OP question was a squirrel pole.

----------


## natertot

> Another question: what can you use squirrel skins for?


I have heard ( but never seen ) that they make great hongs.

----------


## natertot

> Are you seriously suggesting a teen builds a black powder pipe gun, when even the legally of a firearm, age and seasons come into question?
> 
> I don't think that was called for, nor wise........Just saying....
> OP question was a squirrel pole.


+1 I agree with you!

----------


## MrFixIt

I have successfully used pole traps for squirrel. Mind you that they were abundant in the area I was in at the time.
And squirrel stew is great when cooked in a big pot over an open fire.

----------


## TXyakr

> Are you seriously suggesting a teen builds a black powder pipe gun, when even the legally of a firearm, age and seasons come into question?
> 
> I don't think that was called for, nor wise........Just saying....
> OP question was a squirrel pole.


Of coarse not, that was about 40 years ago in a 3rd world country where fire arms and ammo was expensive. Guns are not super easy to get in Canada today but you can get them. Especially a .410 shotgun or .22LR rife and the ammo for them. It is also far more easy and cheap to buy a legal and safe muzzle loader than a black market one from a foreign country or to make one yourself. "If you hear hoof beats think horses not zebras." Silly conclusion of yours.

----------


## TXyakr

Be careful of the advice you get from random people on forums of anyplace on the internet it may be out of context...
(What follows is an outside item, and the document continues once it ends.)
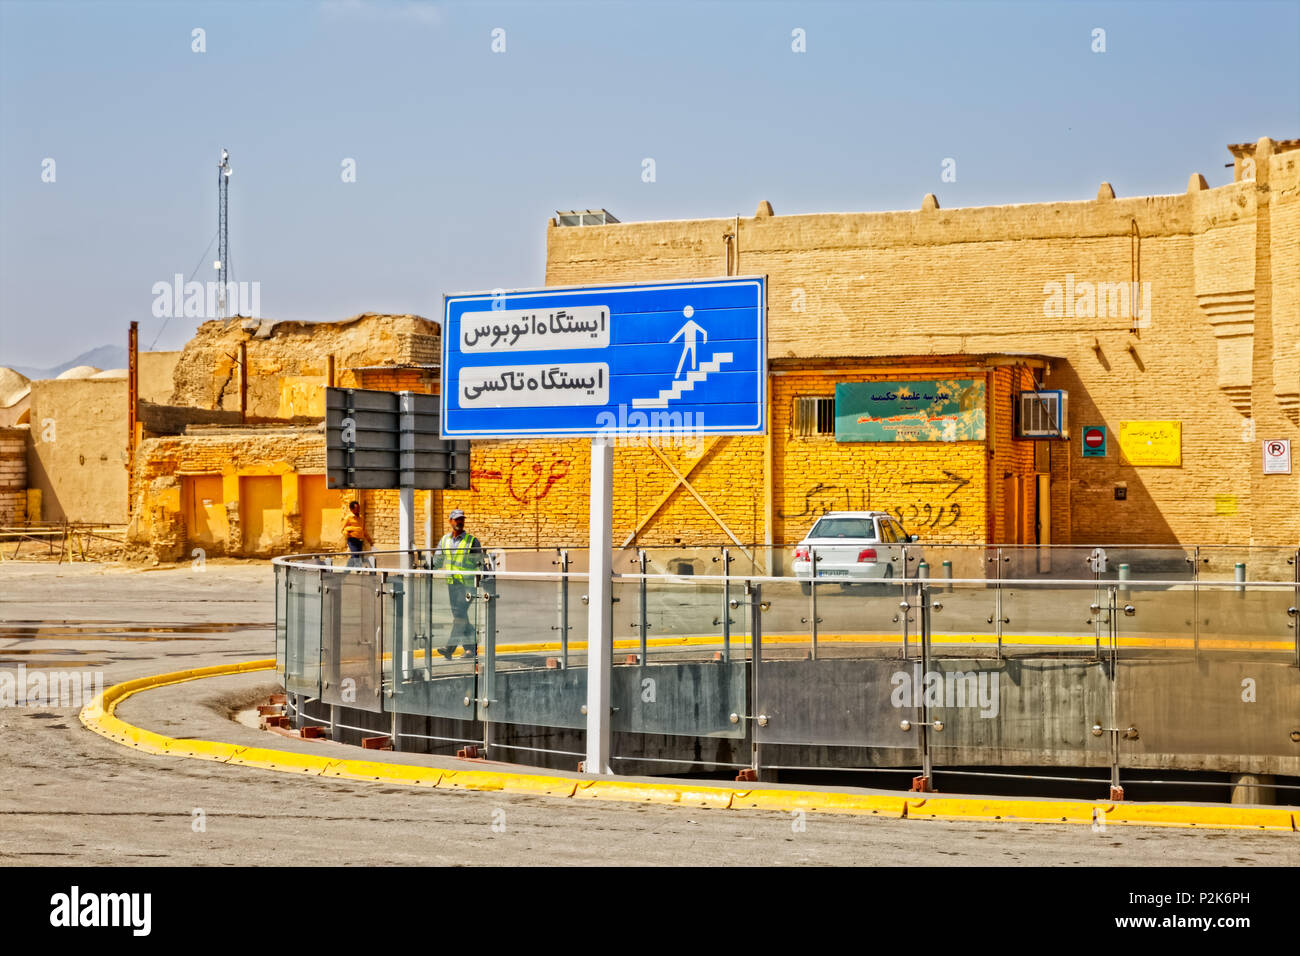 Isfahan street sign - Stock Image

> I have had it on a stick over the fire...and was hungry...hit the spot.


As a kid I ate lots of small and large game cooked on a stick but rarely do any more. I watched that N&A show on Discovery Channel where they were loosing body fat and cooking it that way, palm to face OMG and they had cook pots, the foolishness. It is difficult to control the temperature of all the meat especially that right at the stick. Typically it will over cook on the outside and remain raw or undercooked beside the stick and what little fat there is on the wild game will burn off and drip into the fire due to the heat. E. Coli and Salmonella are a major concern and some other animals have Trichinellosis. I have recovered from these but it was very painful and took a long time with painful medications.

http://www.idph.state.il.us/about/fd..._wild_game.htm

http://www.cdc.gov/parasites/trichin...s/hunters.html

This is why I recommended earlier that you cut them up into small pieces and cook in a stew. Especially if I am out in some place where there is not much clean water I use disposable gloves to process the game then pull them off carefully. It can be difficult to get the blood from under your fingernails. Better to be overly cautious than doubled over in pain especially if you are many miles of hiking from your vehicle.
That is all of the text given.